The team discusses the tools used in detail, such as Flux for image generation, which employs diffusion to produce high-quality images from text prompts, and Aora for fine-tuning the models to recognize specific concepts like Mike. They also describe how video diffusion models generate short clips by extending the diffusion process into three dimensions (frames over time). For speech, they use a diffusion-based text-to-speech model trained on an hour of Mike’s voice, which, combined with lip-syncing, produces speech that sounds like Mike but with some limitations in capturing his unique vocal nuances.

Throughout the video, they demonstrate how adjusting the influence of the custom “Mike Laura” (a low-rank adaptation) affects the generated images, showing how small changes in parameters can produce more or less recognizable representations of Mike.
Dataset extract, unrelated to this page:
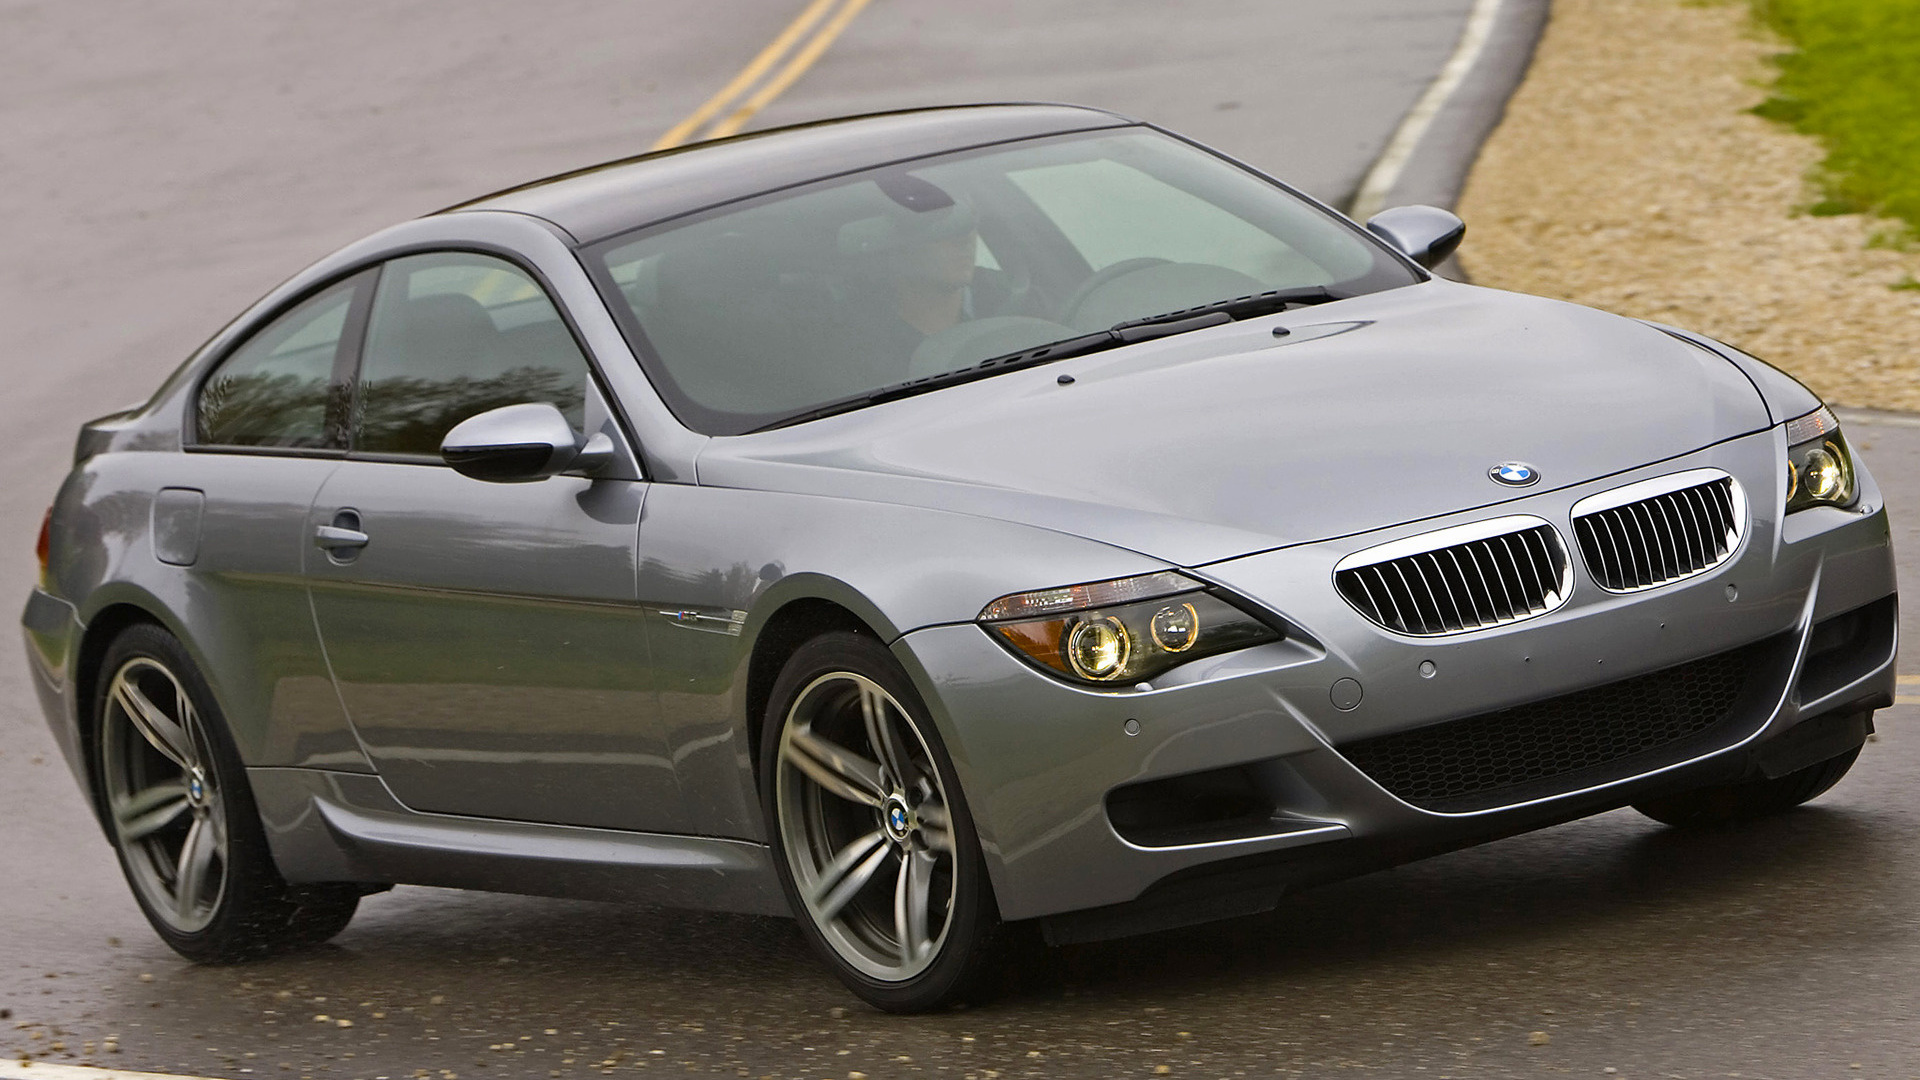 2006 Bmw M6 Coupe Us Papeis De Parede E Imagens De Fundo Em Hd Car Pixel
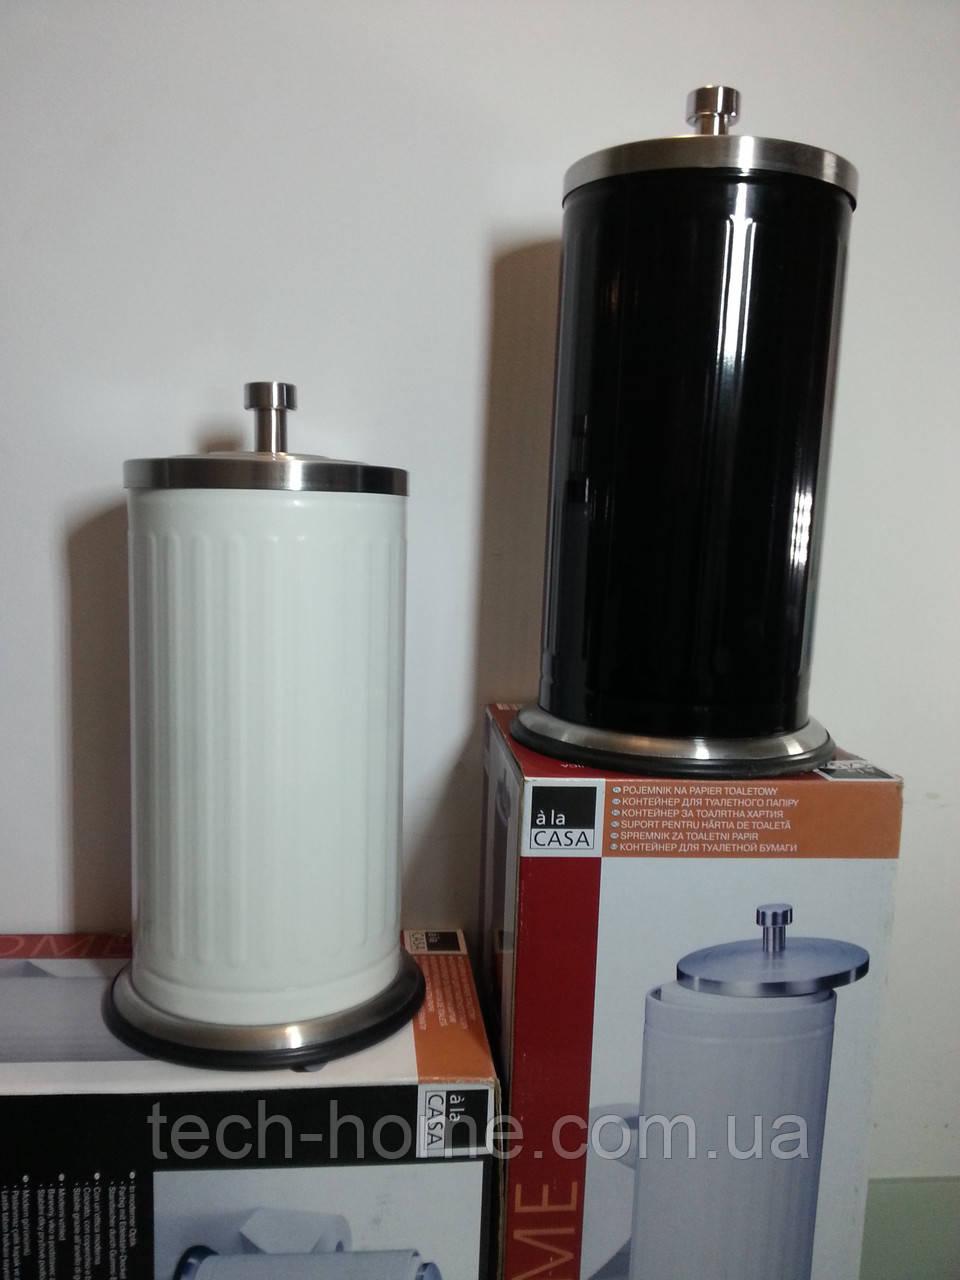 Контейнер для туалетной бумаги ALA Casa 100103

They also compare open-source methods with proprietary tools like Hedra, which can produce more realistic videos from a single image and audio, highlighting the increasing accessibility of high-quality deepfake technology. The overall message emphasizes how these tools are becoming easier to use and more powerful, raising ethical concerns about their potential misuse.

In conclusion, the creators showcase several AI-generated videos of Mike explaining various topics, illustrating the impressive capabilities of current open-source AI tools. They warn that such technology, once limited to experts, is now accessible to anyone with minimal technical skill, making it possible to produce highly convincing fake videos of anyone saying anything. The discussion ends with a reflection on the societal implications, urging caution and consideration of how these tools could be used maliciously, as the line between real and synthetic media continues to blur.